📜 ⬆️ ⬇️

How to switch to microservices and not break production

Today we will tell how a monolithic solution was transferred to microservices. Through our application around the clock passes from 20 to 120 thousand transactions per day. Users work in 12 time zones. At the same time, functionality was added a lot and often, which is quite difficult to do on a monolith. That is why the system required steady operation in 24/7 mode, that is, HighLoad, High Availability and Fault Tolerance.

We develop this product on the MVP model. The architecture changed in several stages following the requirements of the business. Initially, it was not possible to do everything at once, because no one knew what the solution should look like. We moved along the Agile model, iteratively adding and extending functionality.



Initially, the architecture looked like this: we had MySql with a single war, Tomcat and Nginx for proxying user requests.
')


Environments (& Minimum CI / CD):


The development was based on user scripts. Already at the start of the project, most of the scenarios fit into a certain workflow. But still not everything, and this circumstance complicated our development and did not allow us to carry out a “deep design”.

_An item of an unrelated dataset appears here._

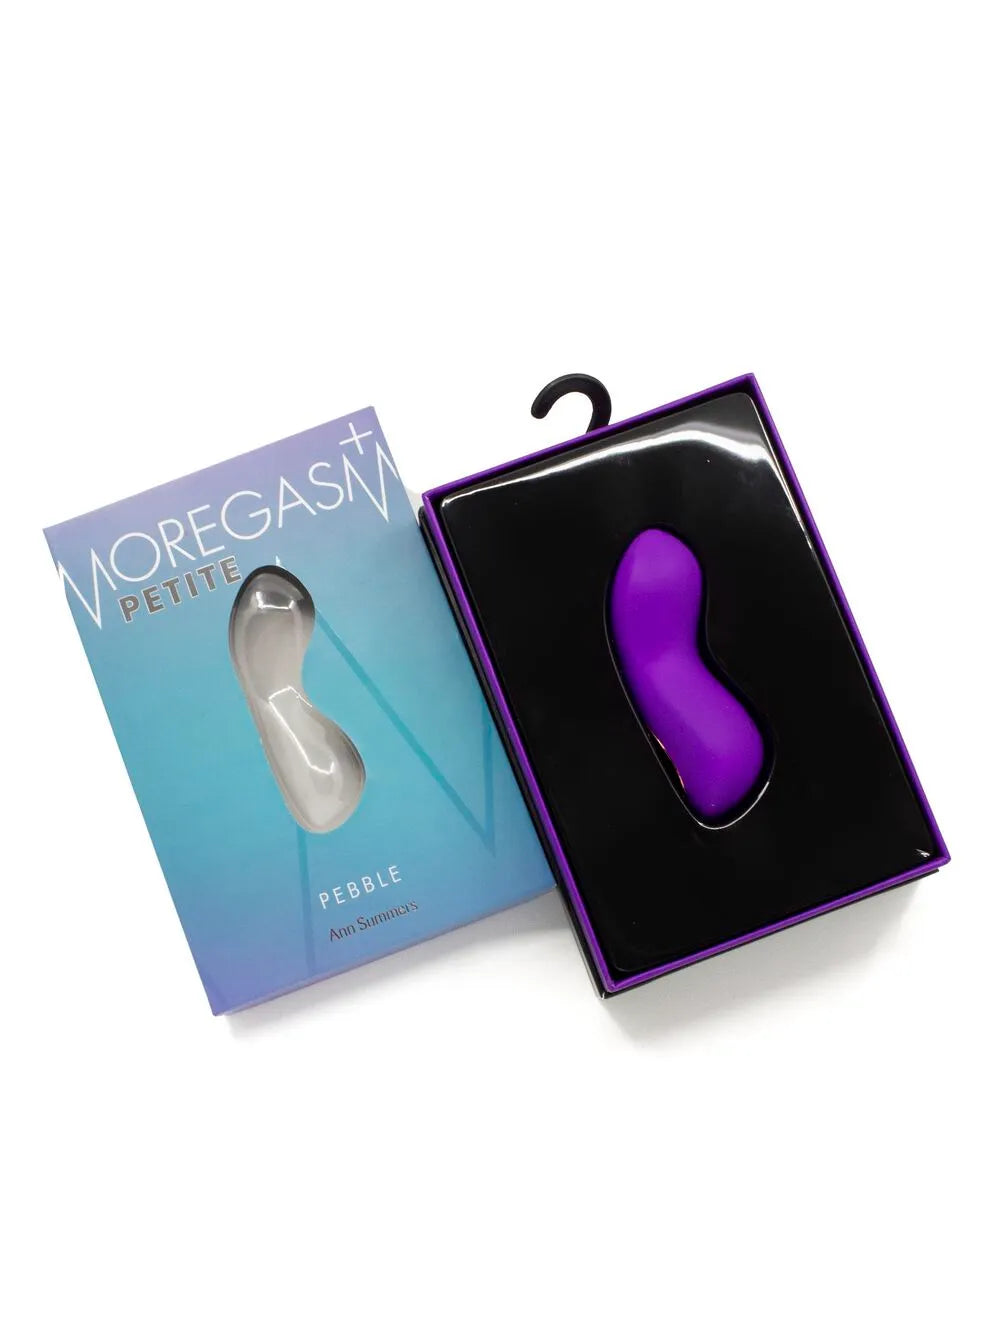 Moregasm+ Petite Pebble Vibrator

In 2015, our application saw production. Industrial operation has shown that we do not have enough flexibility in the operation of the application, its development and in sending changes to the prod-server. We wanted to achieve High Availability (HA), Continuous Delivery (CD) and Continuous Integration (CI).

Here are the problems that needed to be solved in order to come to HI, CD, CI:


We began to solve all these problems one by one. And the first thing that they took up is the changing requirements for the product.

First microservice


Challenge: Changing product requirements and new use cases.
Technological answer: The first microservice appeared - they carried part of the business logic into a separate war file and put it in Tomcat.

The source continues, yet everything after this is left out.